Heres the code I tried to write

long oldMillish = 0;
long interval_hour = 1000;  

int old_timestr;


void CLOCK(){
   unsigned long currentMillish = millis();
  DateTime now = RTC.now();
  
  char timestr[10];
sprintf(timestr, "%02d:%02d", now.hour(), now.minute());
 //  tft.setCursor(100, 0);
 //  tft.setTextColor(WHITE); tft.setTextSize(4);
 //  tft.print(timestr);
 if(currentMillish - oldMillish > interval_hour) {
    oldMillish = currentMillish;
   if(timestr == old_timestr) {
     tft.fillRect(100, 0, 200, 40, BLACK);
 }
  
else {tft.setTextColor(WHITE); tft.setTextSize(4);
   tft.print(timestr);
}

     
  
    }

-JQ

Today i was going through the millis() function in the arduino forum. I cannot understand why millis() is divided by 1000?? kindly explain the reason

 // print the number of seconds since reset:
  lcd.print(millis()/1000);

Thanks

Hi Nightcrawler, I’m pretty sure its to show the numeric value for 1 second, because there are 1000 milliseconds in one second, so it takes the millis() value and divides it by 1000, to show how much it is in seconds.

-JQ

oops... You are right.
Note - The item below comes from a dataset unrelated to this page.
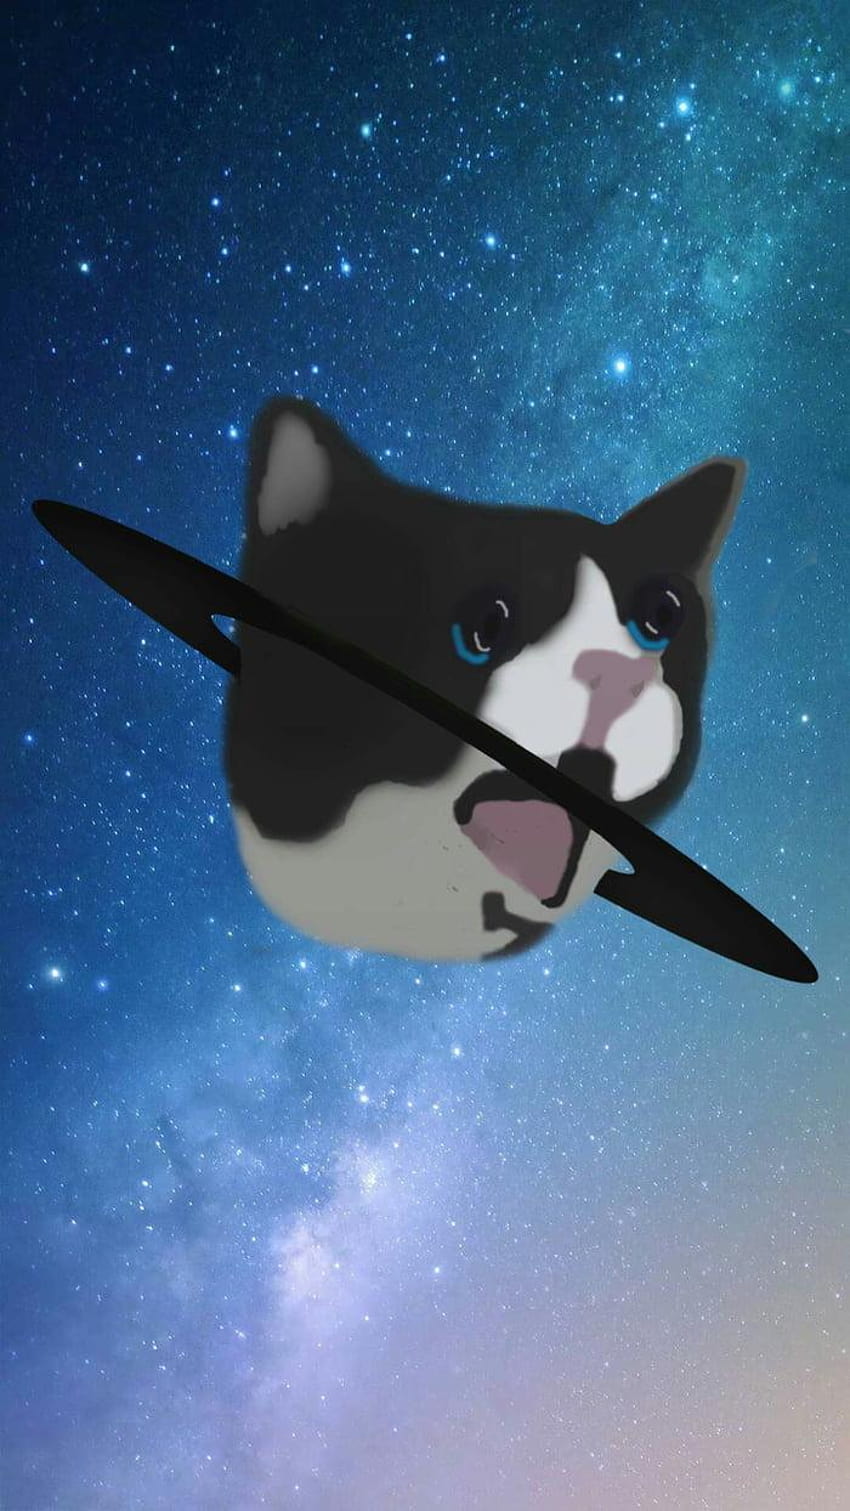 As requested by a comment here's a crying cat meme HD phone wallpaper

It is clearly stated that " // print the number of seconds since reset:" , overlooked that. :cold_sweat:

Thanks for explaing it in the simplest way. cheers... :)

Np, glad I could help :)

But now I'm trying to have it replace the previous value with the new one (because the numbers are just stacking on top) and it says that C++ forbids comparison between pointer and integer.

What is "it" that is going to replace the previous value with the new one? Previous value of what with the new value of what? How is "it" going to do that?

int old_timestr;
  char timestr[10];
   if(timestr == old_timestr) {

Well, what do you know. The compiler is right. What is old_timestr supposed to represent?